Profiler Transform

Summary

Profiler implement a word count. Typical implementation of the word count is done using map reduce. * It’s O(N2) complexity * shuffling with lots of data movement

Implementation here is using “streaming” aggregation, based on central cache:

At the heart of the implementation is a cache of partial word counts, implemented as a set of Ray actors and containing word counts processed so far.
Individual data processors are responsible for:
Reading data from data plane
tokenizing documents (we use pluggable tokenizer)
Coordinating with distributed cache to collect overall word counts

The complication of mapping this model to transform model is the fact that implementation requires an aggregators cache, that transform mode knows nothing about.
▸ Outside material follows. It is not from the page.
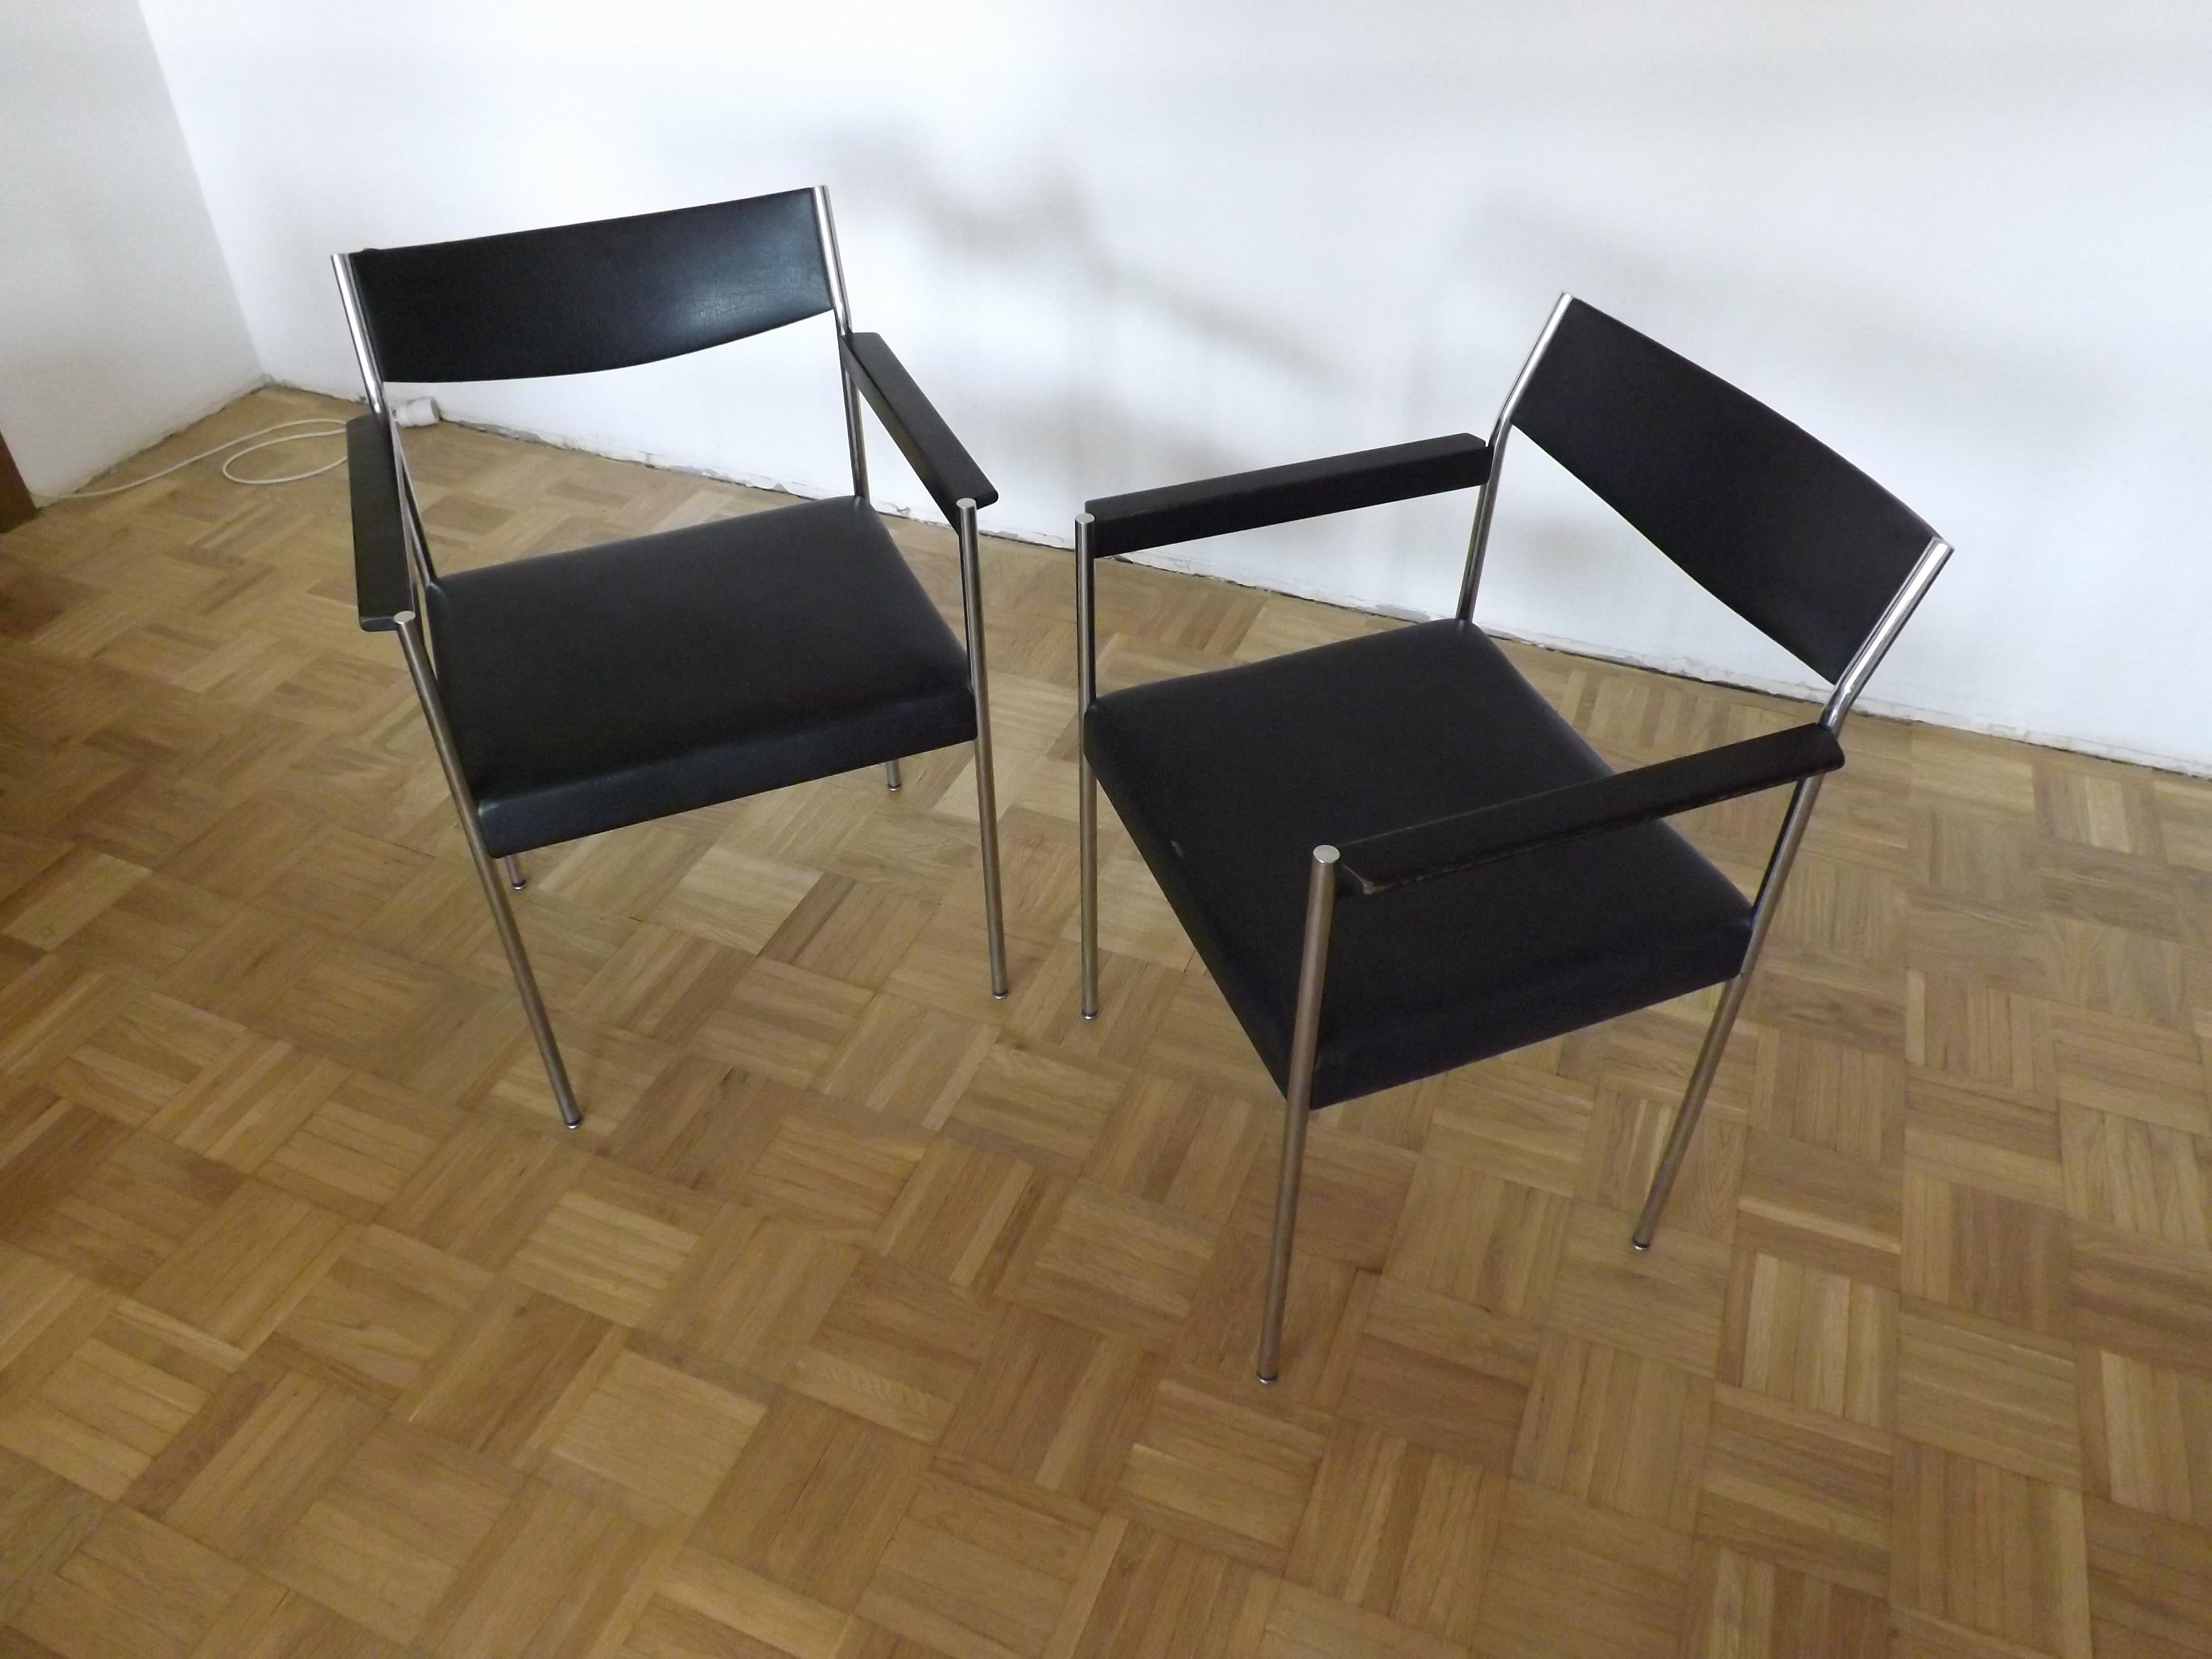 Edlef Bendixen Armchairs for Kusch and Co. 1970s For Sale 2

The solution here is to use transform runtime to create cache and pass it as a parameter to transforms.

Transform runtime

Transform runtime is responsible for creating cache actors and sending their handles to the transforms themselves. Additionally, it writes created word counts to the data storage (as .csv files) and enhances statistics information with the information about cache size and utilization

Configuration and command line Options

The set of dictionary keys holding ProfilerTransform configuration for values are as follows:

doc_column - specifies name of the column containing documents

Running

Launched Command Line Options

When running the transform with the Python launcher (i.e., TransformLauncher), the following command line arguments are available in addition to the options provided by the launcher.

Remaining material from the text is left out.